Можно я напишу по поводу вот этого текста? Вы выразили недоумение здесь
http://www.forum.krishna.ru/showthread.php?t=8002

Тут, возможно, какое-то несоответствие в переводе: 




> Согласно опубликованному в ИСККОН руководству по поклонению Божествам, предметы во время арати
> предлагаются следующим образом. Сперва подношение следует показать Шриле Прабхупаде (или, если вы
> уже приняли прибежище у одного из гуру ИСККОН, своему духовному учителю и затем Шриле Прабхупаде).
> Мы не можем предлагать что-либо непосредственно Кришне. Сначала мы должны предложить это своему
> духовному учителю. Таким образом, мы должны предлагать предметы подношения Господу, сознавая себя
> слугой Шрилы Прабхупады и всех гуру парампары. Предлагая тот или иной предмет, мы плавно описываем
> им по часовой стрелке сначала вокруг стоп Господа, затем вокруг головы и, наконец, вокруг всего тела.
> 
> 
> ...


Заметно логическое несоответствие: в первом абзаце идет речь о предложении по восходящей, во втором - по нисходящей (предложение, к примеру, аромата цветка уже как прасада Господа). Возможно, между абзацами д.б. еще какая-то фраза, или должно звучать как-то так : 

"При предложении от старшего к младшему предложите данный предмет таким же образом - сперва Шримати Радхарани, затем Господу Чайтанье, Господу Нитьянанде и далее всем гуру парампары, заканчивая своим духовным учителем".

----------


## Narayani d.d.

> Можно я напишу по поводу вот этого текста? Вы выразили недоумение здесь
> http://www.forum.krishna.ru/showthread.php?t=8002


да меня это меньше всего интересует, если честно  :smilies:  я прекрасно знаю, как, что, кому и в какой последовательности предлагать и этот текст с его ошибками  меня не волнует.
единственное, что мне было не понятно - это вопрос о Шри Джаганнатхе. я его задала на форуме более 10 дней назад, но никто ничего до сих пор конкретно сказать так и не смог.

озвучу подробно еще раз:

в какой последовательности предлагать упачары, если на алрате стоят: Шри Шри Радха-Кришна и Лалита-деви, Шри Джагаггатха со спутниками и Шри Шри Лакшми-Нрисимха?

----------


## Тушти Лалита деви даси

Насколько я знаю, эти Божества должны иметь отдельные алтари, и Им предлагается отдельная пуджа.

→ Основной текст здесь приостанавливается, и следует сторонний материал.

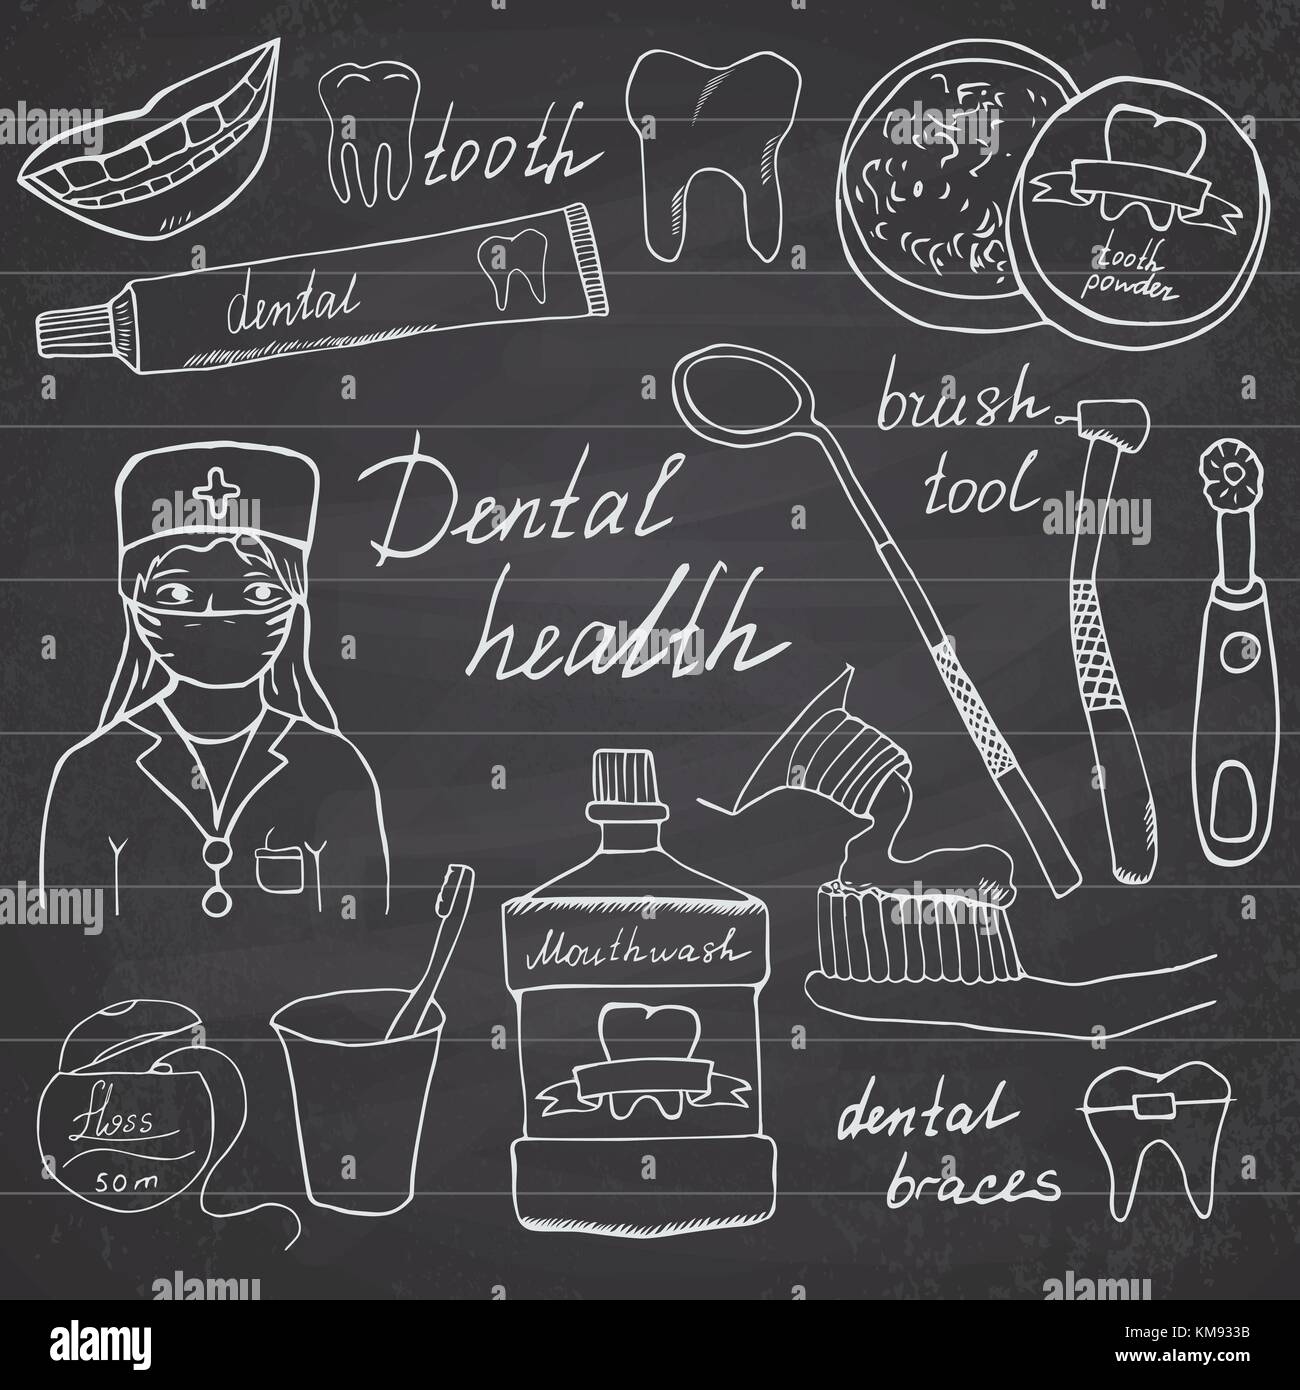 Dental health doodles icons set. Hand drawn sketch with teeth, toothpaste toothbrush dentist mouth wash and floss. vector illustration on chalkboard b Stock Vector

У нас в храме раньше на алтаре Господа Джаганнатхи находился Нрисимхадев, но сейчас Его убрали. Может в домашнем стандарте все на так строго, я не знаю.

----------


## Тушти Лалита деви даси

> Заметно логическое несоответствие: в первом абзаце идет речь о предложении по восходящей, во втором - по нисходящей (предложение, к примеру, аромата цветка уже как прасада Господа). Возможно, между абзацами д.б. еще какая-то фраза, или должно звучать как-то так :


Когда мы показываем упачару по восходящей мы не предлагаем ее, а просим благословения у Гуру парамапары, чтобы предложить ее Господу, а когда предланаем по нисходящей - то предлагаем уже махапрасад.

----------


## Narayani d.d.

> Когда мы показываем упачару по восходящей мы не предлагаем ее, а просим благословения у Гуру парамапары, чтобы предложить ее Господу, а когда предланаем по нисходящей - то предлагаем уже махапрасад.


а что, это кому-то до сих пор не известно?  :smilies: )))

----------


## Тушти Лалита деви даси

> а что, это кому-то до сих пор не известно? )))


Это я не Вам. Но не все преданные вникают в тонкости пуджи, и многие не знают простых вещей.

----------


## Махабхарата дас

> озвучу подробно еще раз:
> 
> в какой последовательности предлагать упачары, если на алрате стоят: Шри Шри Радха-Кришна и Лалита-деви, Шри Джагаггатха со спутниками и Шри Шри Лакшми-Нрисимха?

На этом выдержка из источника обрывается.